Africa: Lessons for Nigeria Air as Uganda revives national carrier
Nigeria’s quest to float a new national carrier can draw some lessons from Uganda that has within a short period relaunched its national carrier.
The Uganda Airlines was liquidated in 2001, some three years before Nigeria Airways also bit the dust. But the East African carrier has bounced back though slowly but with clear focus on the regional market that is currently dominated by Ethiopian Airlines. Uganda is also banking on its emerging oil industry – and the tourism sector – to generate international traffic to sustain the revitalised airline.
Nigerian national carrier, already christened Nigeria Air was last year put on hold for proper backing in 2019 budget.The proposed airline, now in the procurement phase, will debut this year, as soon as reputable foreign investors and technical partners come onboard.
Over the next two decades, air traffic in Africa is forecast to grow six per cent a year – twice as quickly as in mature markets. But still, most state-owned flag carriers on the continent are losing money.The notable exception is Ethiopian Airlines, which analysts say has avoided the mistakes of other regional carriers by not falling prey to political interference.
“We undertake to be a world-class airline that will exceed customer expectations through high-quality service,” Ugandan Airlines CEO Ephraim Bagenda said at a ceremony on Tuesday at Entebbe International Airport, which lies 40km south of the capital, Kampala, and is the country’s sole international airport.
The airline will initially fly to seven regional destinations in Kenya, Tanzania, Somalia, South Sudan, and Burundi, the CEO said ahead of the inaugural flight to Kenya’s capital, Nairobi.

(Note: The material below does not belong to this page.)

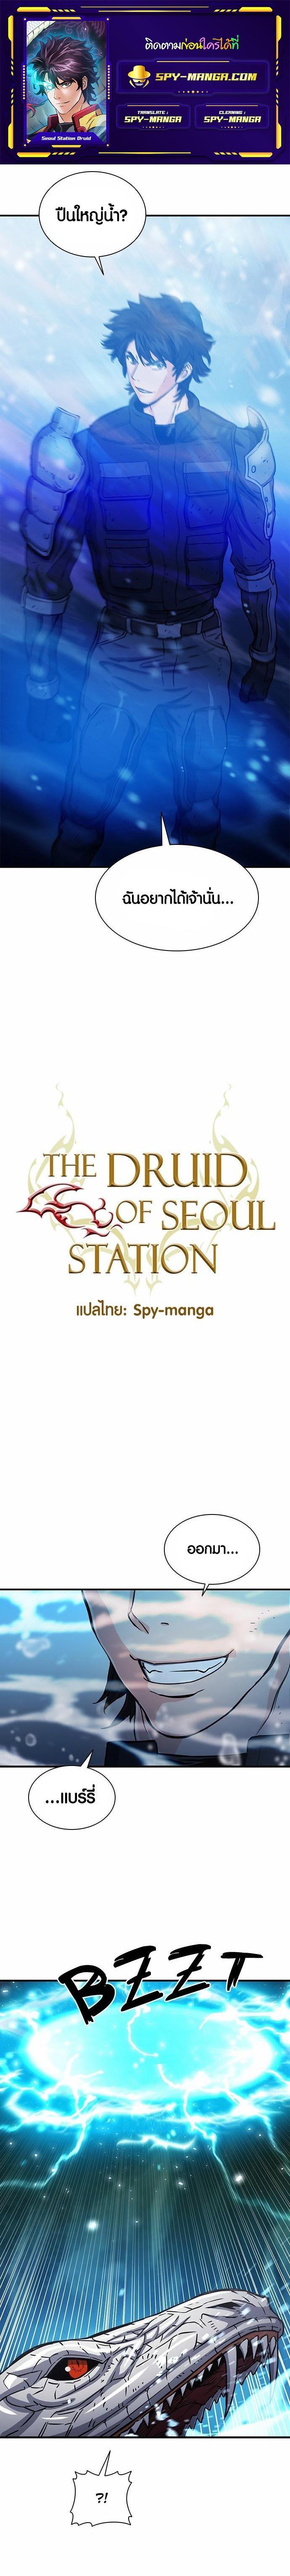 Seoul Station Druid 108 01

In November, the airline plans to launch flights to destinations in south and central Africa, he said.Indeed, Uganda Airlines will face stiff competition not only from Ethiopian Airlines, but also from airlines based in Rwanda and Tanzania. Those countries have also poured cash into their flag carriers in the past few years, though with far less success than Ethiopia.
Another rival regional carrier, Kenya Airways, has faced challenges in its efforts to expand. It started generating losses in 2014, after buying a number of aircraft and experiencing a slump in tourism and business travel to Kenya amidst a spate of attacks by Somalia-based fighters.The airline has not recovered and was renationalised in July in what analysts described as a last-ditch effort to save it.

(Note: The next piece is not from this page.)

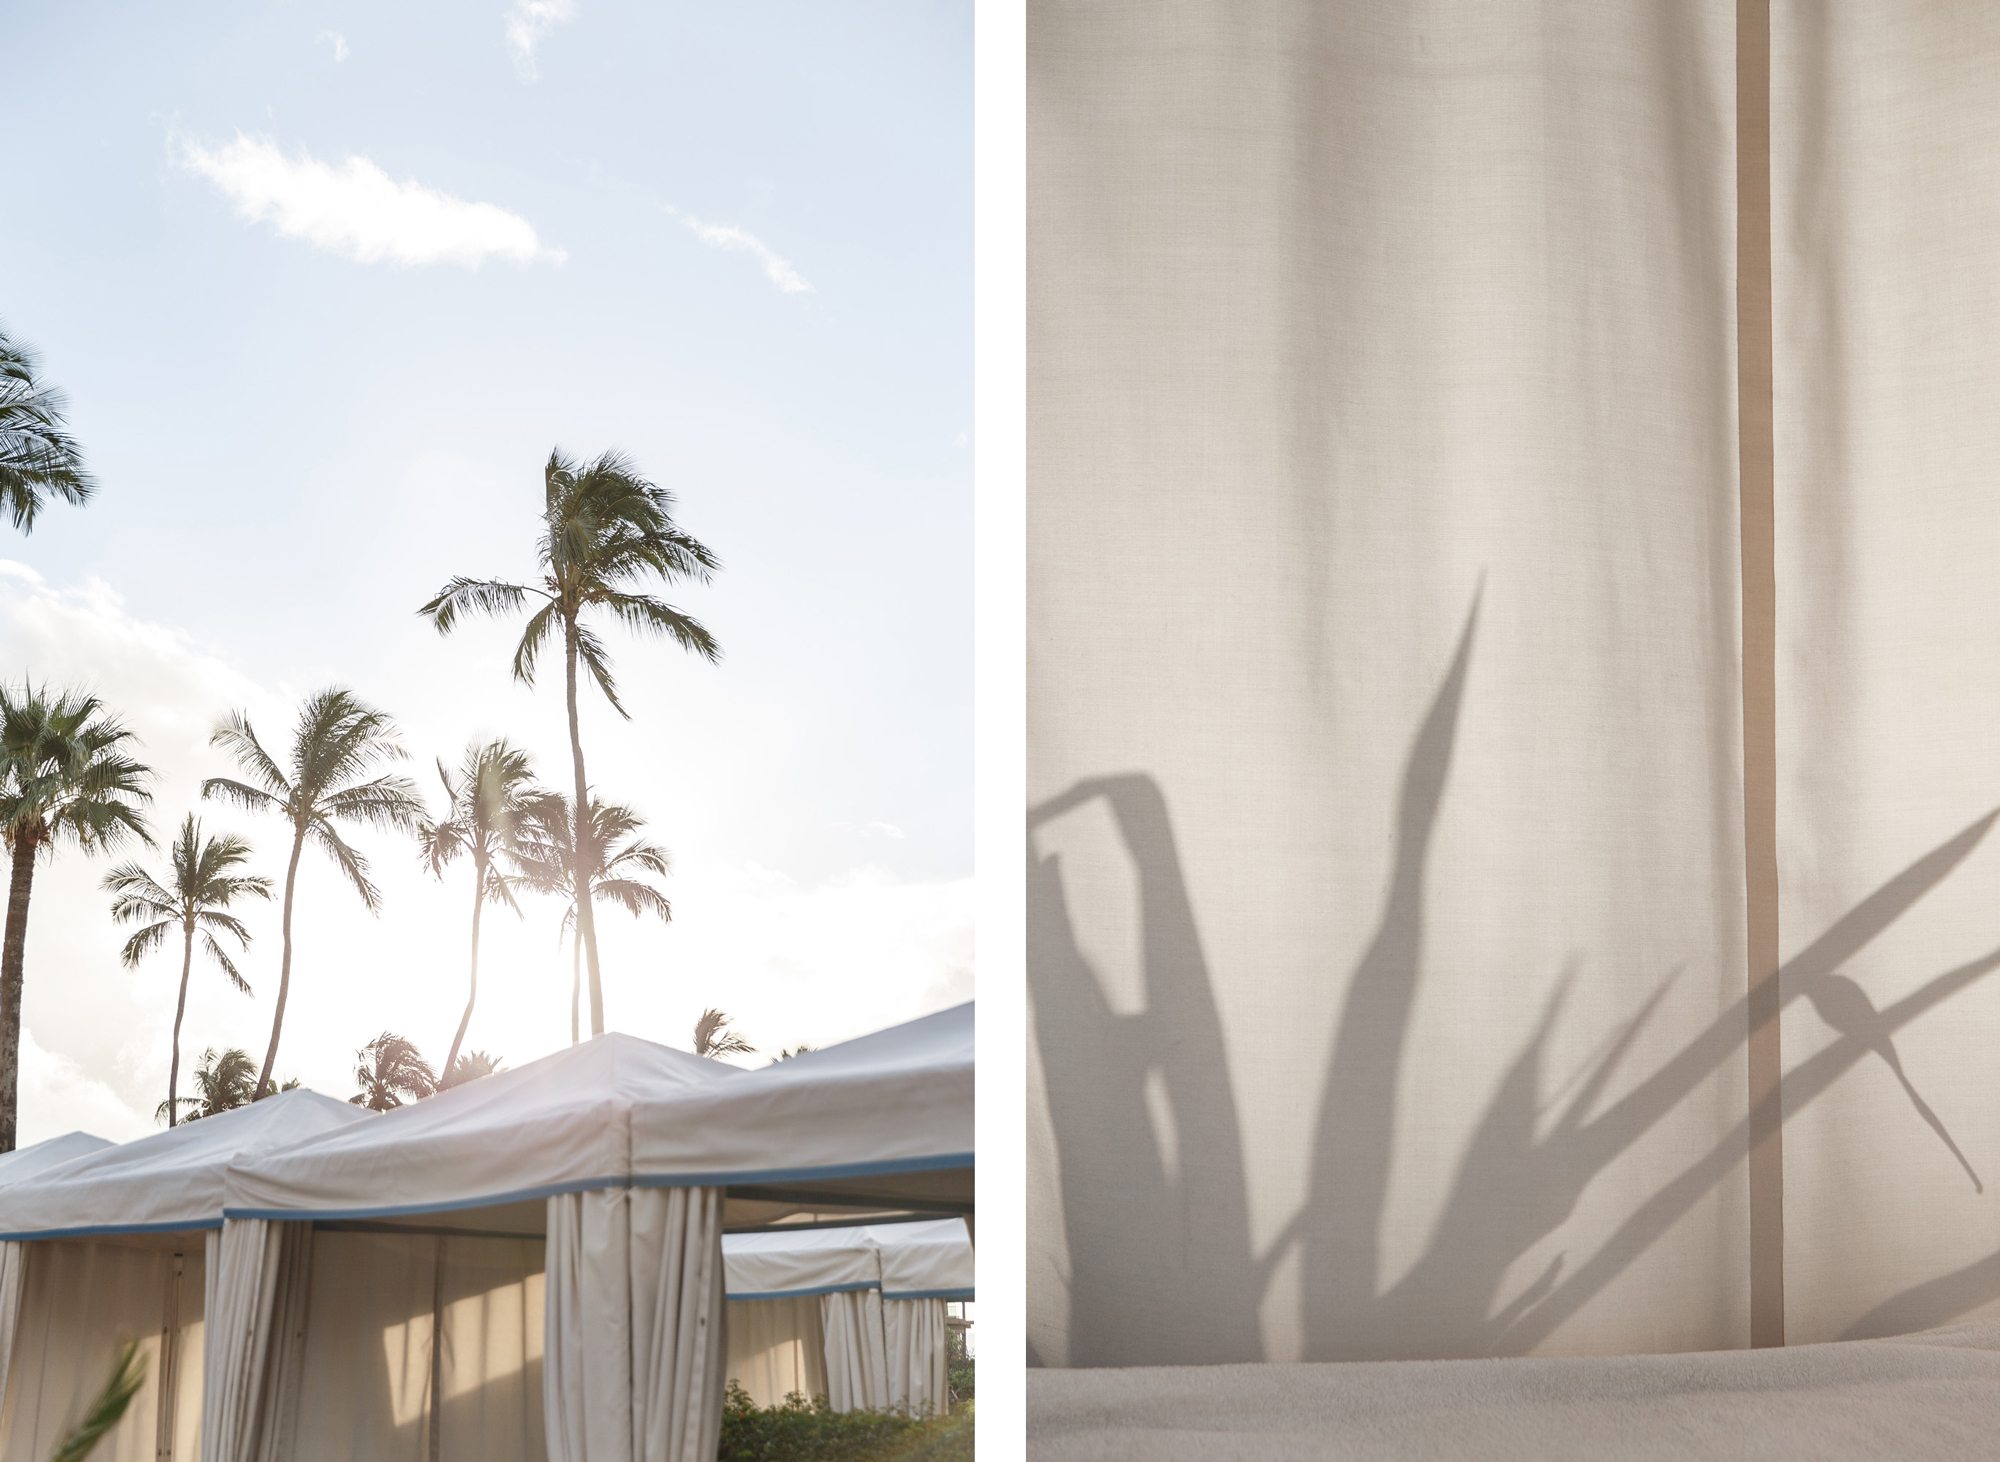 Maui palm trees over cabana, plant shadow comparison

Uganda Airlines, founded by the country’s former dictator Idi Amin in 1976, was liquidated in 2001 during a push to privatise state firms.Its revival will “reduce the cost of air transport and ease connectivity to and from Uganda”, Prime Minister Ruhakana Rugunda said at the ceremony.Ugandans spend about $450m yearly on foreign travel, and the state-owned airline would help keep some of this cash within the national economy, Rugunda said.
Citizens will also benefit from having direct flights originating near their capital instead of having to take expensive, indirect routes on rival airlines, the prime minister said.The airline, apparently starting small, received its first two CRJ900 planes from Canadian aircraft manufacturer Bombardier in April. Two more of those planes are expected next month, according to the airline.
It expects to receive one Airbus A330neo in late 2020, then a second in early 2021. The CEO said in July that the two wide-body planes will enable the airline to expand to destinations in the Gulf and China.
Each Bombardier cost around $27m, while the carrier will pay about $110m for each of the Airbus aircraft.The airline is wholly funded by the Ugandan government, but hopes to be self-financing after two years, the CEO said.
The Federal Government budgeted N47 billion for the Nigeria Air in the 2019 budget. The latest figure was an upscale from N8.7 billion initially proposed for the project in the 2019 Appropriation Bill, and N3.2 billion originally planned as part-payment of FG’s five per cent stake in the proposed airline.